Si algún día la banalización publicitaria y pornográfica del erotismo consiguiera dejarlo simplemente en una cuestión de cuerpos convencionalmente hermosos y apetitos inmediatamente satisfechos –algo que no parece descabellado, tal como van las cosas–, siempre quedaría la historia del arte para recordarnos la profunda complejidad de una pulsión en la que muchos han visto el núcleo más profundo del comportamiento humano. Eros y Thánatos, pasión y consunción, pecado y expiación, posesión y sacrificio, placer y dolor, entrega y destrucción son fuerzas que se modelan mutuamente, de modo que el amor se ensombrece y ahonda con los tintes de la muerte y, al revés, la muerte se ilumina y se vuelve carnal e incluso oscuramente deseable bajo la luz del amor. En algunos de los infinitos recovecos de esa complejísima galería de doble dirección se cuelgan las 119 obras de Lágrimas de Eros, una excepcional muestra que desde el pasado martes exhiben en dos recorridos complementarios el Museo Thyssen-Bornemisza y la Fundación Caja Madrid.

La excepción se explica por muchos motivos, más allá de la calidad de las obras reunidas para la ocasión. Lágrimas de Eros no es una muestra al uso de las producidas habitualmente por la Thyssen. Su comisario, Guillermo Solana, ha querido arriesgar una mirada tan compleja como lo requiere un tema para el que ha recuperado el título del último ensayo de Georges Bataille, quizás el último gran explorador literario de estos abismos. Para ello, ha procurado recorrer, sala por sala, todos los grandes mitos del imaginario del deseo a lo largo de la historia del arte. Desfilan, por tanto, el clasicismo grecolatino (Venus, Endimión, Apolo y Jacinto, Andrómeda o las esfinges, sirenas y ninfas); las fuentes cristianas (Judit, Salomé, la Magdalena, San Sebastián, San Antonio), personajes históricos (Cleopatra), literarios (Ofelia) y tópicos del erotismo artístico, como el tema del beso.

A través de todos ellos, Lágrimas de Eros exhuma todas las orientaciones, prácticas y arquetipos sexuales enterrados bajo temas que, en bastantes casos, inicialmente carecían de la imantación erótica con la que han llegado hasta el presente.
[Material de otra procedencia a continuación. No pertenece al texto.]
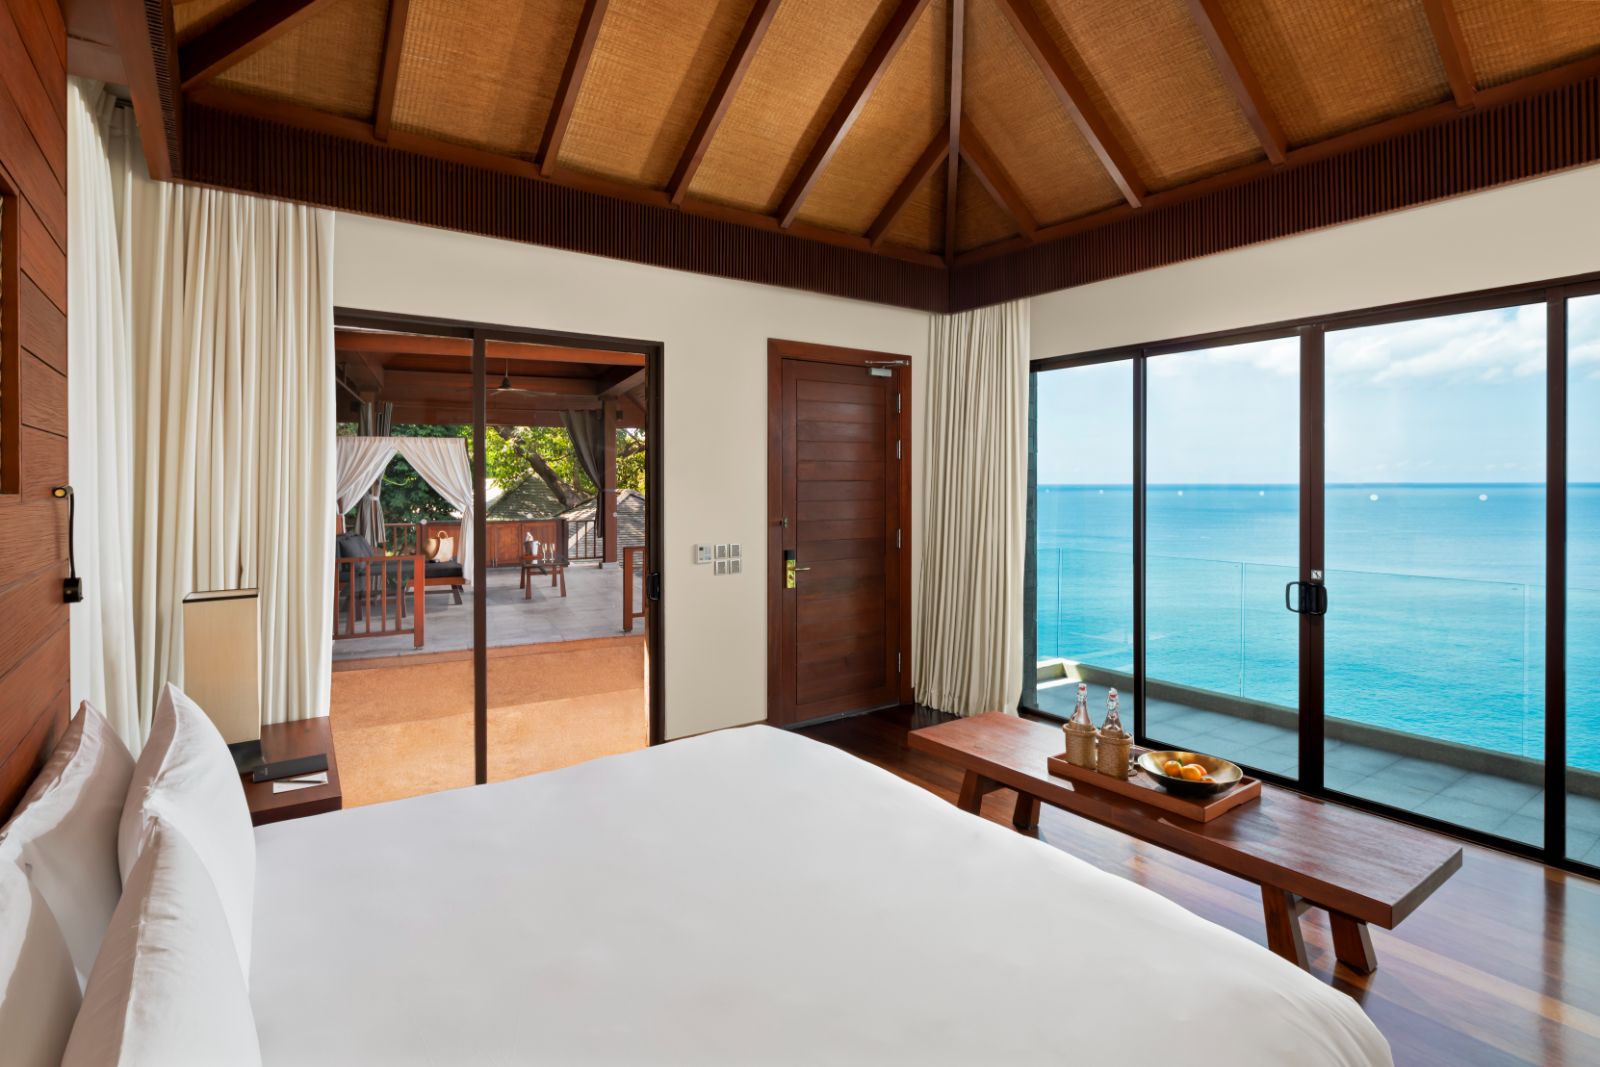 Cliff Pool Villa bedroom at Paresa resort in the Phuket region of Thailand

Heterosexualidad, homosexualidad, fetichismo, sadomasoquismo, "bondage", necrofilia o voyeurismo ofrecen los variables ángulos de entrada para un repertorio de obras cuyo núcleo está articulado en torno al siglo XIX. El motivo: en muchos casos, fueron los artistas y el gusto de esta centuria los que cargaron de fuerza sexual algunos de los viejos temas, impulsados por una poética que tiene algunas raíces barrocas, pero que sobre todo enlaza la pasión romántica por el binomio amor/muerte con el erotismo artístico contemporáneo a través del simbolismo y el surrealismo.

Pero en Lágrimas de Eros hay también muchos viejos maestros y muchos maestros contemporáneos. Y es ahí donde reside otra de las osadías de esta exposición respecto a otras del Museo Thyssen: en la amplitud cronológica y la variedad de formatos que incluyen incluso procedimientos multimedia. La carne en la que se materializan los dioses oscuros de la sexualidad humana está hecha mayoritariamente de pintura (Rubens, Bronzino, Tiépolo o Ribera; Courbet, Corot, Gauguin, Millais, Burne-Jones, Cezanne, Munch, Ernst…) y de los papeles estampados de Picasso, o fotográficos de Man Ray o Mapplethorpe. Está hecha del mármol de Canova, los bronces de Rodin o Louise Bourgeois y el polivinilo policromado de John de Andrea, e incluso está hecha de la inconsútil carne virtual de los vídeos de Bill Viola. Y representada en todo tipo de cuerpos, desde las relecturas del arte antiguo hasta la carnalidad "pop" de Rachel Weisz, Nastassia Kinski o Patti Smith.

A través de sus obras y de las del resto de autores reunidos por Guillermo Solana, el visitante se podrá sumergir en un torbellino de representaciones del deseo en las que, una y otra vez, se repiten obsesiones y símbolos, y en las que una y otra vez se reinventa el deseo a través de un ejercicio –el arte– en el que a menudo se ha visto otro trasunto o prolongación de la sexualidad. Claro que el espectador tampoco saldrá de Lágrimas de Eros limpio de polvo y paja; como poco, habrá ejercido de "voyeur". Un mirón singularmente afortunado.